Though the ponderal index is considered a useful measure of neonatal corpulence, it is a poor predictor of the fetal percent body fat. Catalano et al. 17 performed anthropometric measurements on 188 neonates from uncomplicated singleton term pregnancies in Vermont within 24 h of delivery to estimate the lean body mass and body fat. The objective was to determine if body composition analysis could explain the variances in normal birth weight. The measurements included weight, length, triceps and subscapular skinfold thickness, head, chest, abdomen and limb length measurements. Body fat was estimated according to the aforementioned Dauncey technique. A significant linear correlation was noted between birth weight and lean body mass, fat mass and ponderal index. The results showed that the variance seen in fetal weight could largely be explained by the neonatal fat mass. Though neonatal fat mass only constitutes 14% of birth weight, it explains approximately 46% of its variance. Conversely, the ponderal index, which is often used as an indicator of a fetal nutritional abnormality, explained only 22% of the variance in body weight. Copper et al. 18 further demonstrated the limitations of the ponderal index relative to the body size differences of full-term male and female infants. In their prospective study from 1993, they measured triceps, subscapular and thigh skinfold thickness on 1205 newborns born from 1985 to 1988. Female infants were significantly lighter with shorter long bone or crown-to-heel lengths and smaller circumferences than their male counterparts. At the three sites studied, however, female infants had a significantly greater mean skinfold thickness. The calculated values for the ponderal index were nearly identical. The ponderal index, therefore, does not reflect the gender differences in fat deposition.

Ultrasound measurement of fat and lean mass

As ultrasound technology and two-dimensional (2D) resolution advanced rapidly, investigators became interested in extending these newborn studies back into intrauterine life. Over the past 20 years, in utero measurement of the subcutaneous tissue and lean mass has also evolved. Several investigators have evaluated the subcutaneous tissue of the arms, legs and abdomen. Less attention has been focused on measuring the subcutaneous tissue of the face and buttocks. There are certain significant advances in the understanding and technique of measuring the subcutaneous tissue by ultrasound that are worth noting.

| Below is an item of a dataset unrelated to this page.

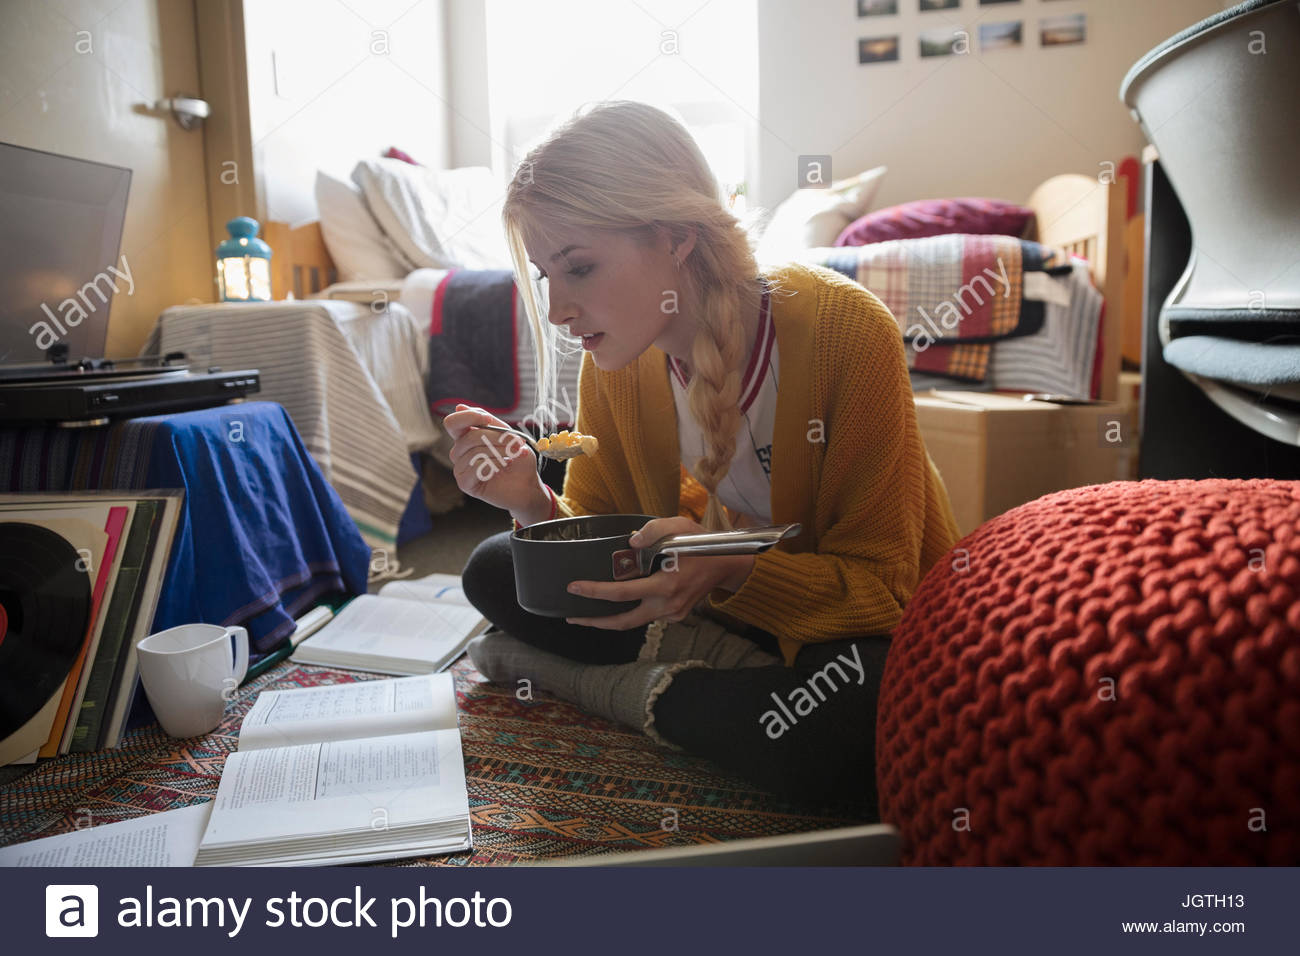 Female college student eating and studying on floor in dorm room Stock Photo
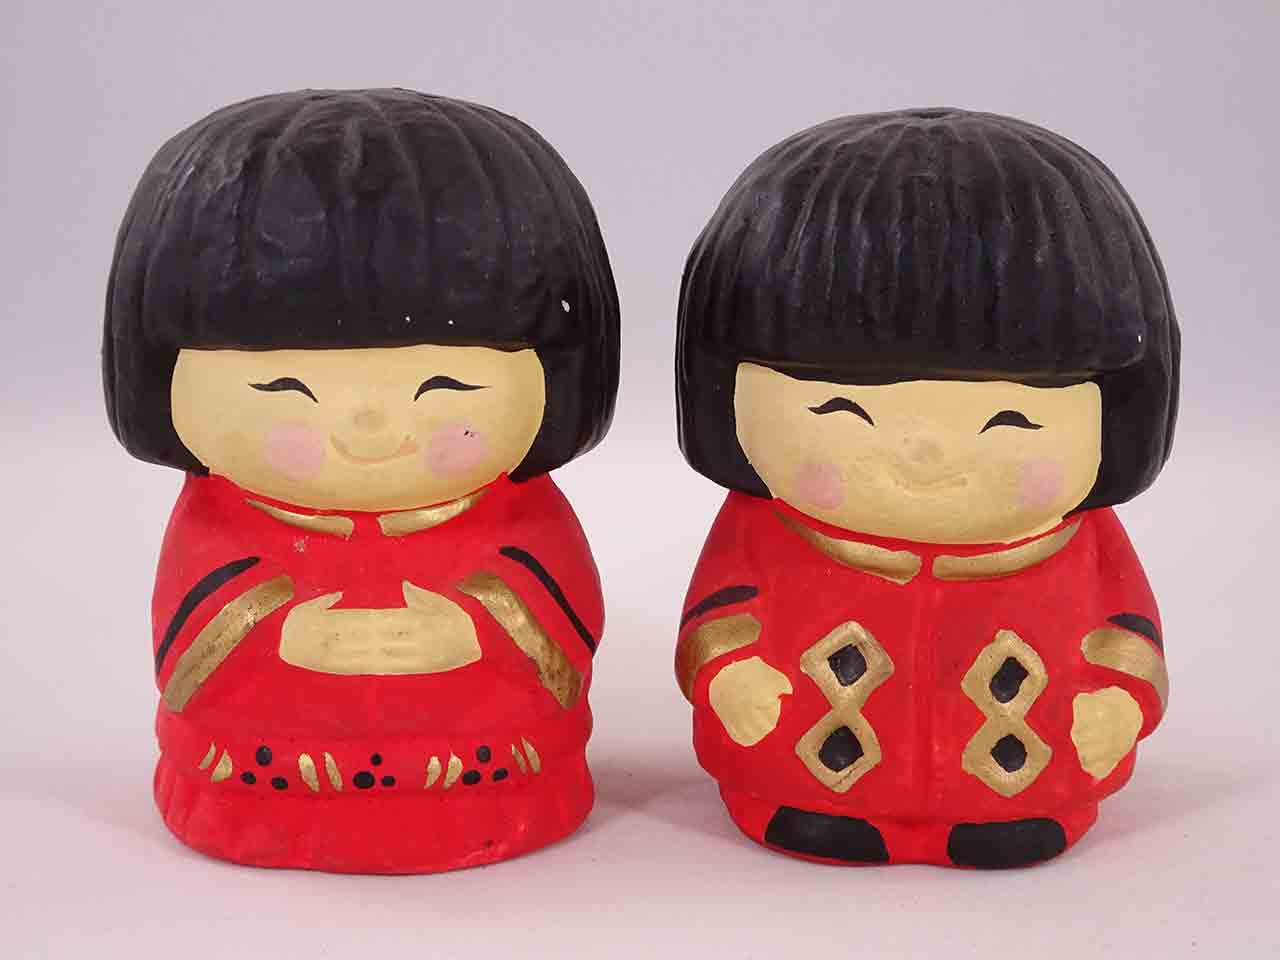 Gibson Greeting Cards Salt and Pepper Friends - Japanese salt and pepper shakers

Ultrasound measurement of adipose tissue in the arm and leg

The subcutaneous tissue of the arm and leg is the most extensively studied of the subcutaneous compartments. In 1985, Jeanty et al. 19 were one of the first groups to describe measurement of the subcutaneous tissue in the extremities. Limb volume is calculated using measurements of the subcutaneous tissues of the arm and leg. In this technique, transverse and anteroposterior arm thicknesses are measured. In a cross-sectional view of the limb, the subcutaneous tissue thickness is measured as the distance between the hypoechogenic area of muscle and the amniotic fluid. Multiple diameters are obtained. Additionally, the thickness is measured in a transverse section from one edge of the bright echo to the other. Using a complex equation, the arm perimeter and volume are calculated. In determining the arm perimeter, a circle was designated as the geometric model rather than an ellipse as the ellipse was difficult to compute and did not change the coefficient of correlation. Limb volume was strongly correlated with gestational age. Unfortunately, the limits of ultrasound technology at the time made accurate measurements of small distances very difficult. Subcutaneous tissue thickness, therefore, was not a good predictor of intrauterine growth except in cases such as macrosomia in which the deposition of adipose tissue is greatly exaggerated.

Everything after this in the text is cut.